# Information provided
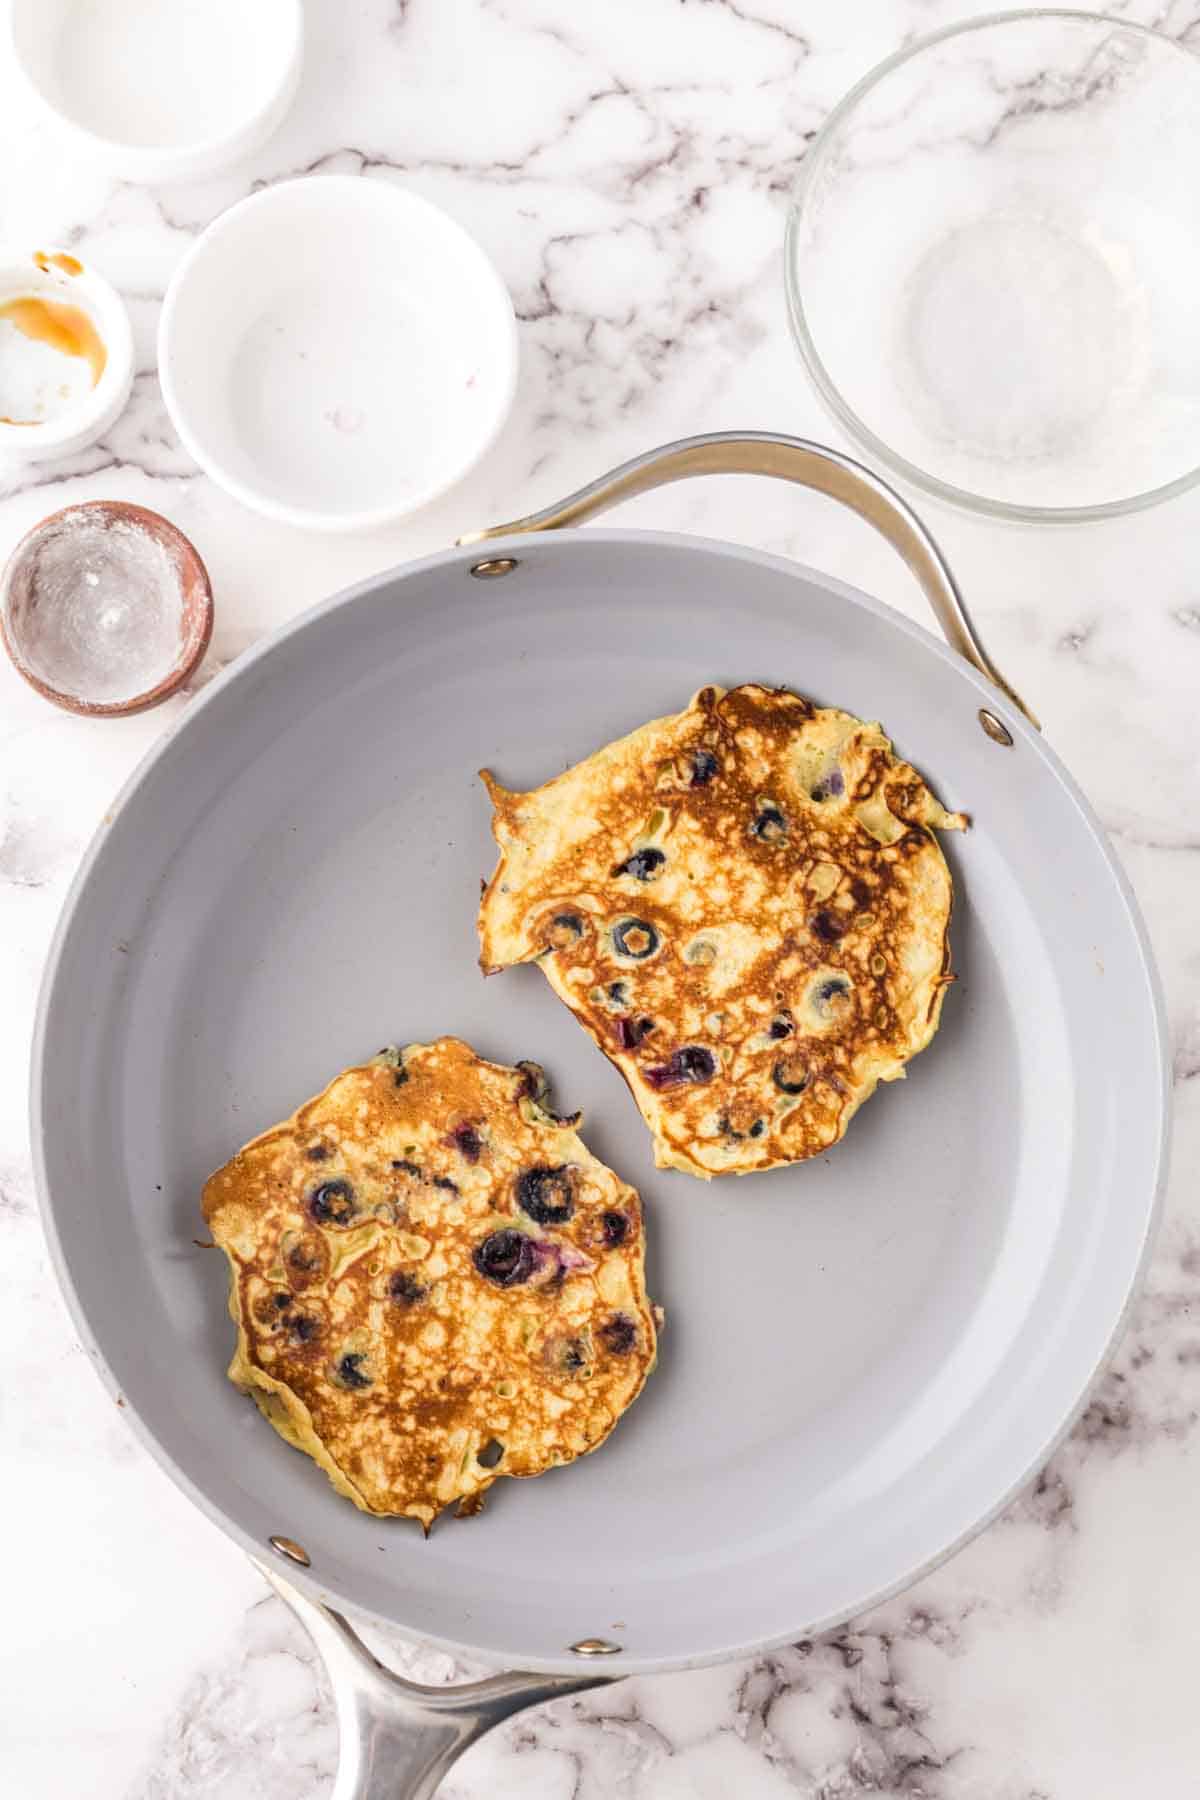 pan with two cooked blueberry pancakes
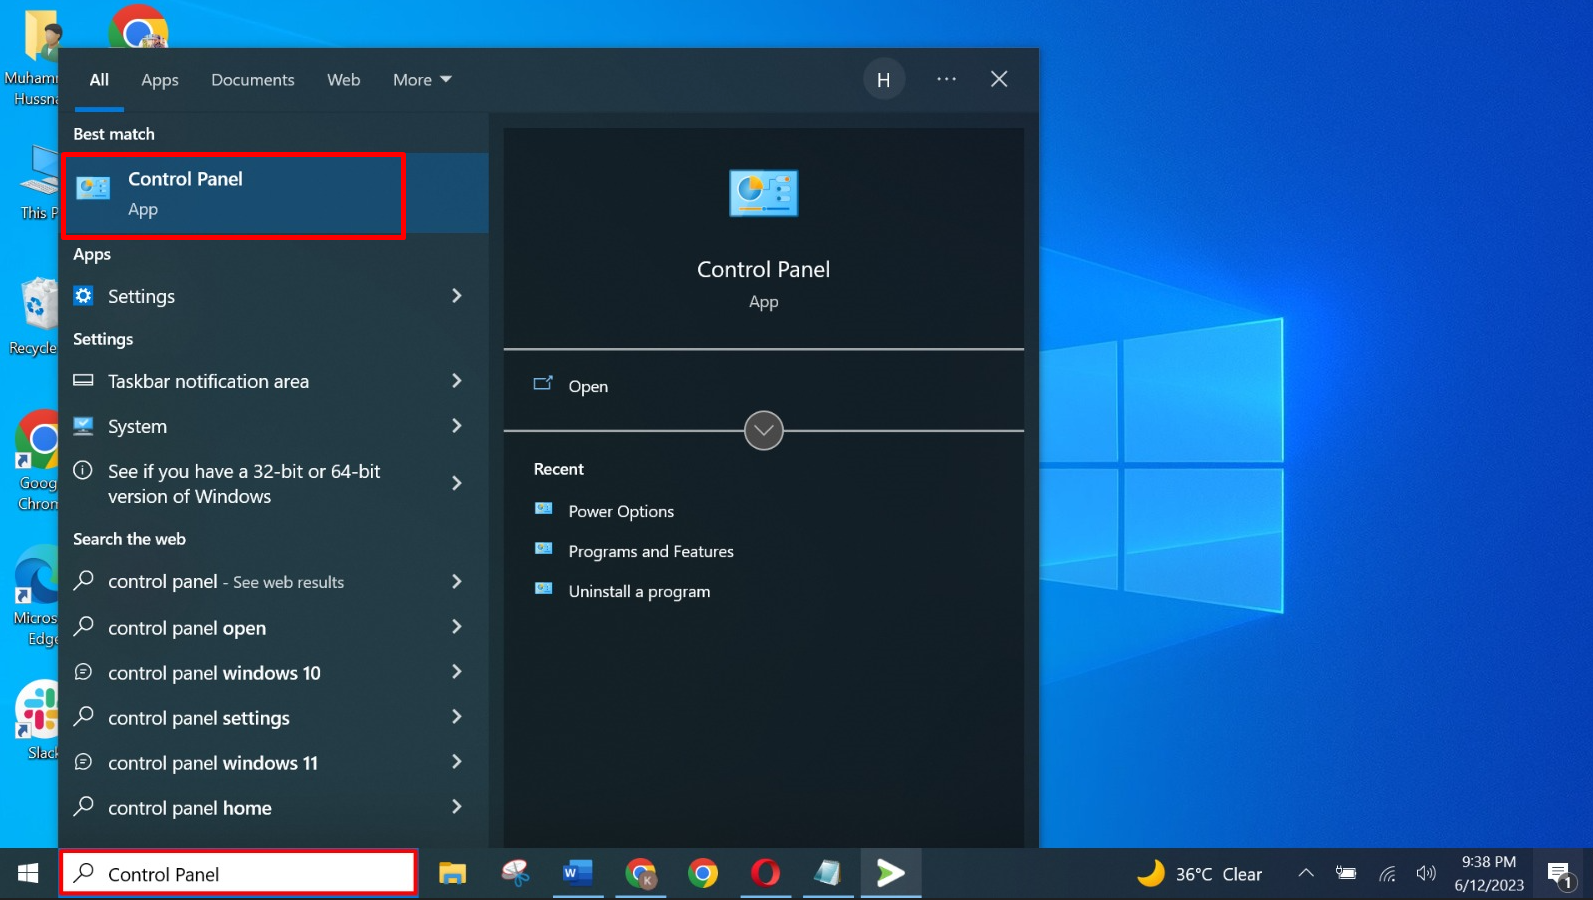 Search Control penal from Start menu
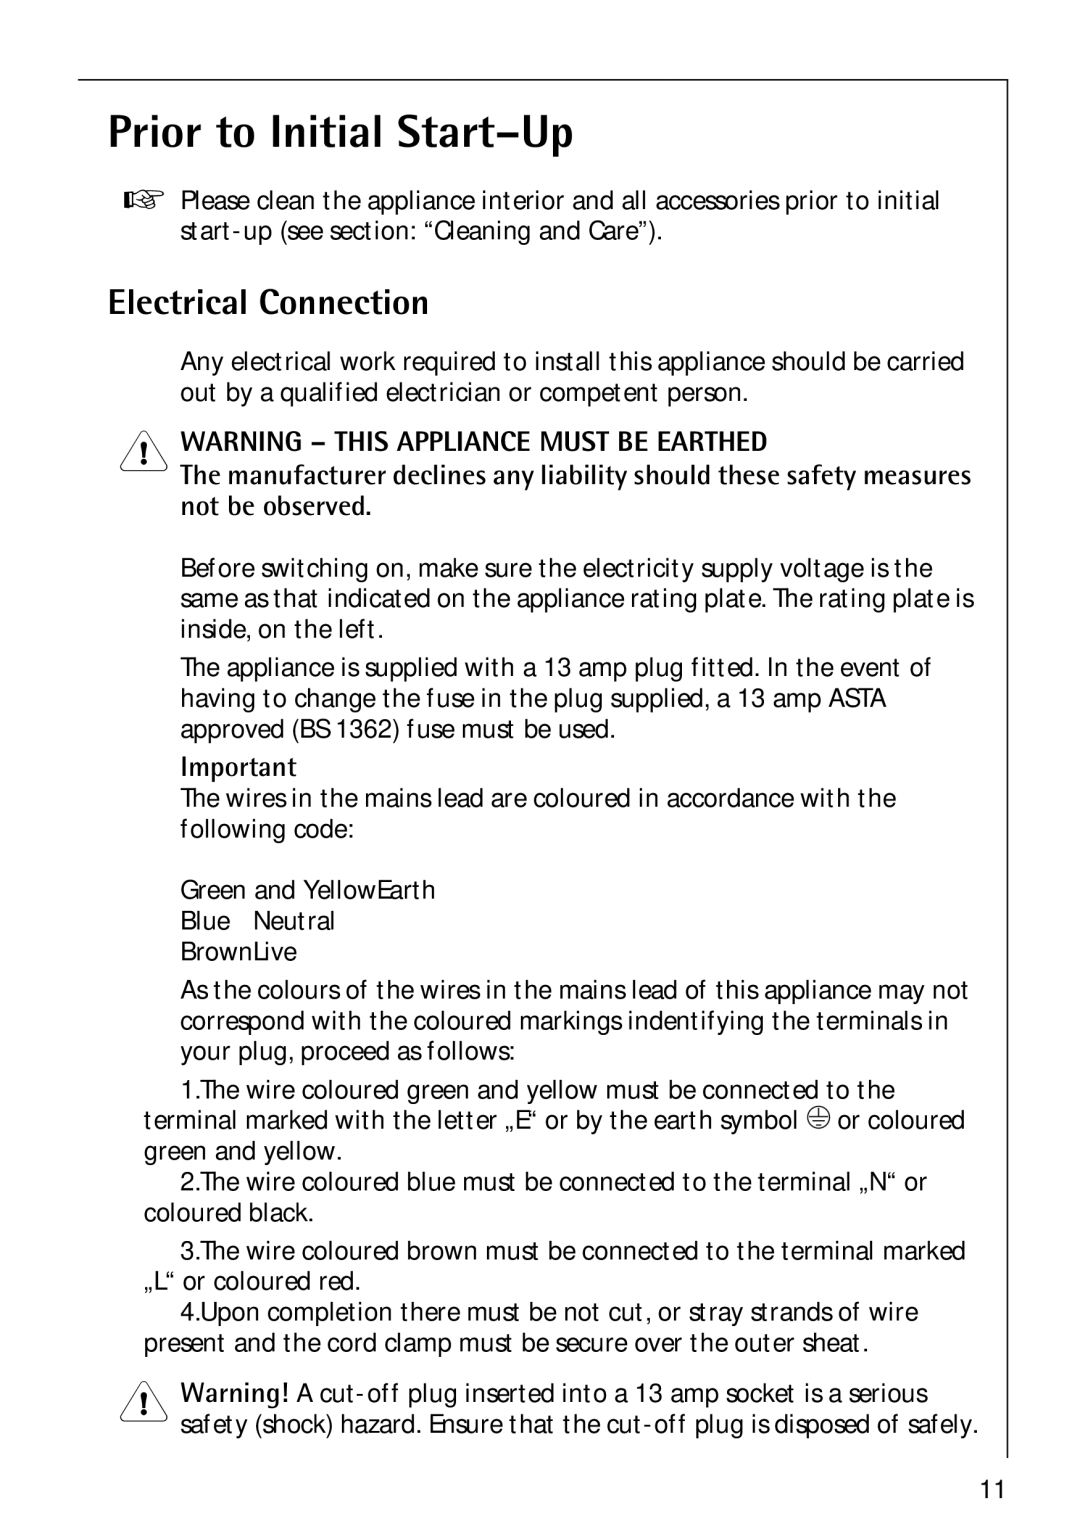 Electrolux Santo 1573TK-4 Prior to Initial Start-Up, Electrical Connection, Warning - This Appliance Must Be Earthed 
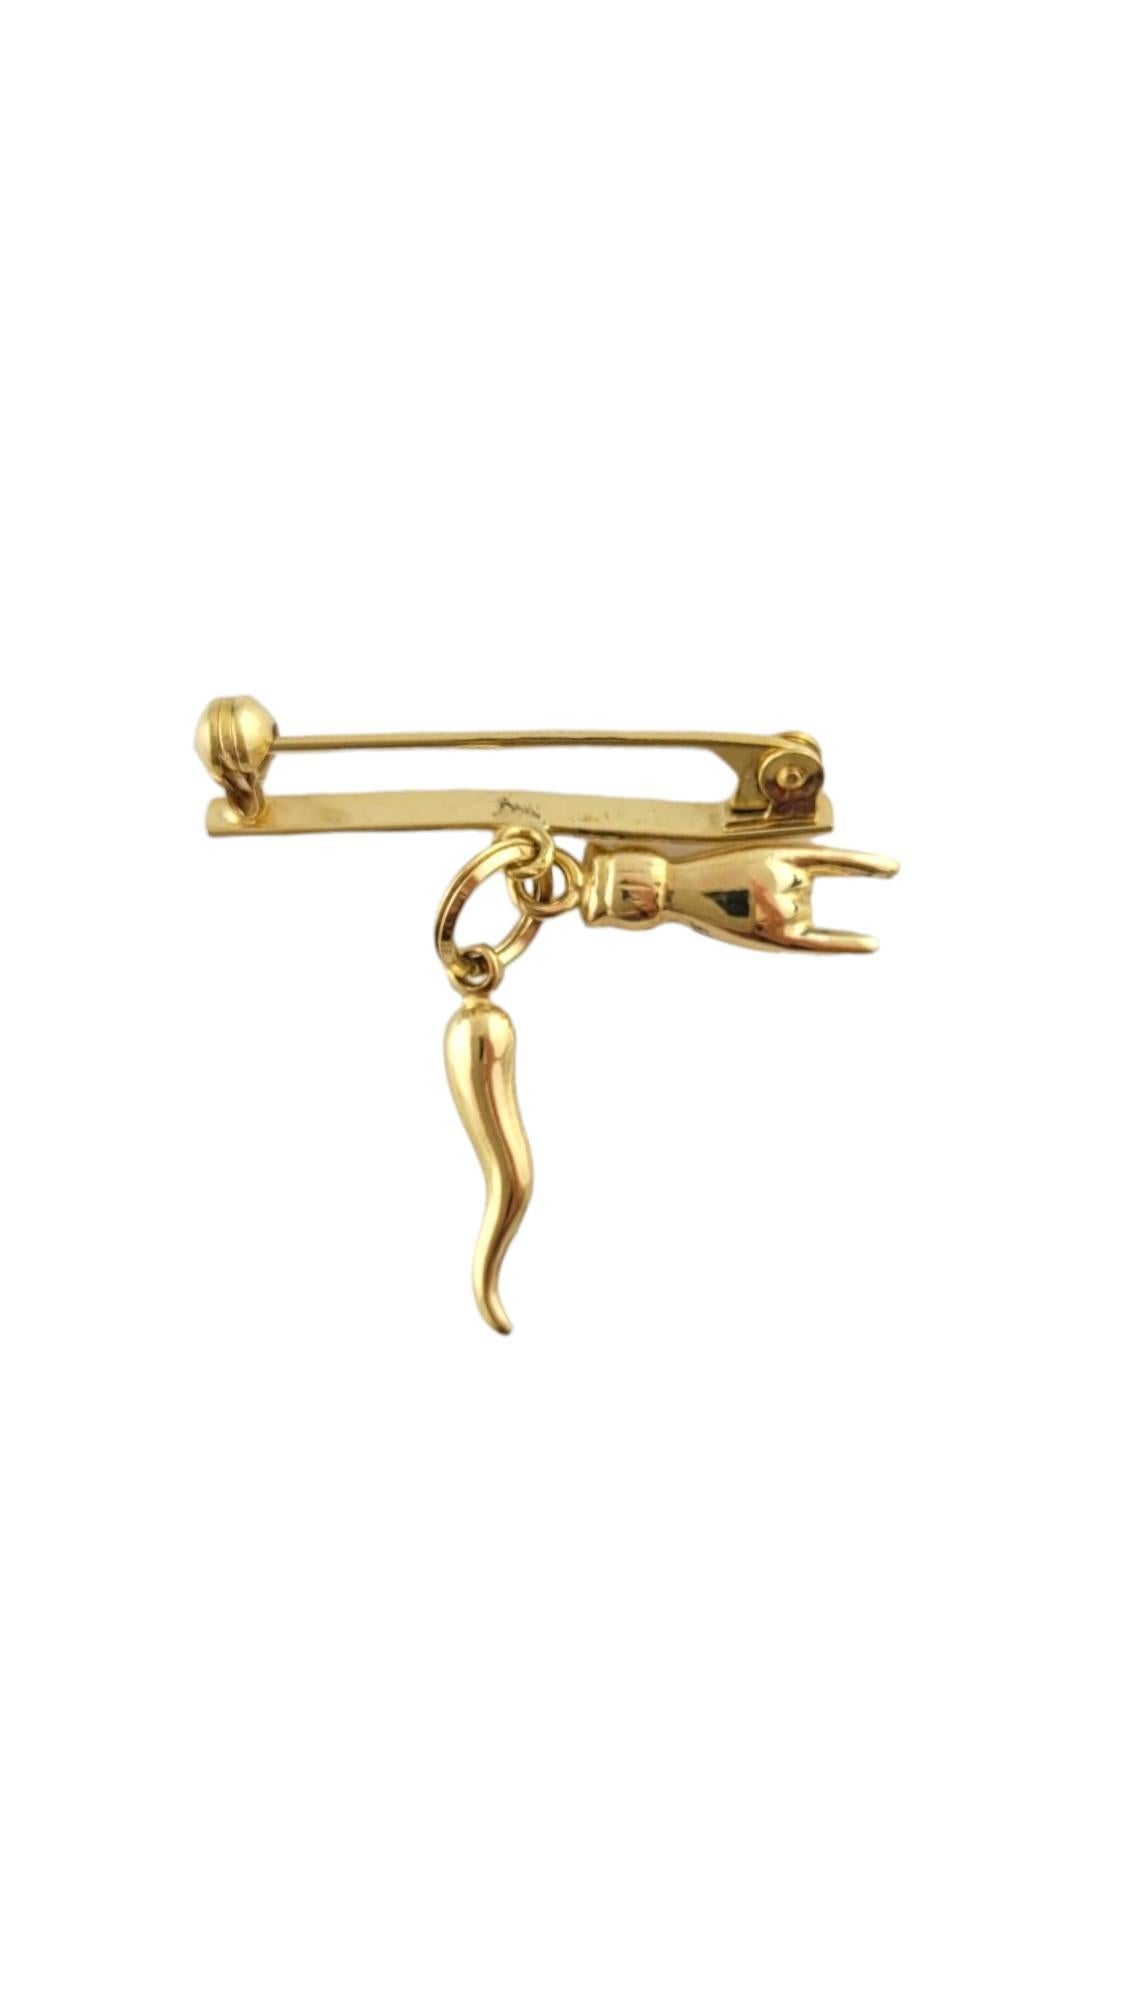 18K Yellow Gold Baby Italian Horn & Hand Pin #16782 For Sale 2

# Work required
Print the data once more without any change, skipping each picture.

# Solved problem
 pan with two cooked blueberry pancakes
 Search Control penal from Start menu
 Electrolux Santo 1573TK-4 Prior to Initial Start-Up, Electrical Connection, Warning - This Appliance Must Be Earthed 
 18K Yellow Gold Baby Italian Horn & Hand Pin #16782 For Sale 2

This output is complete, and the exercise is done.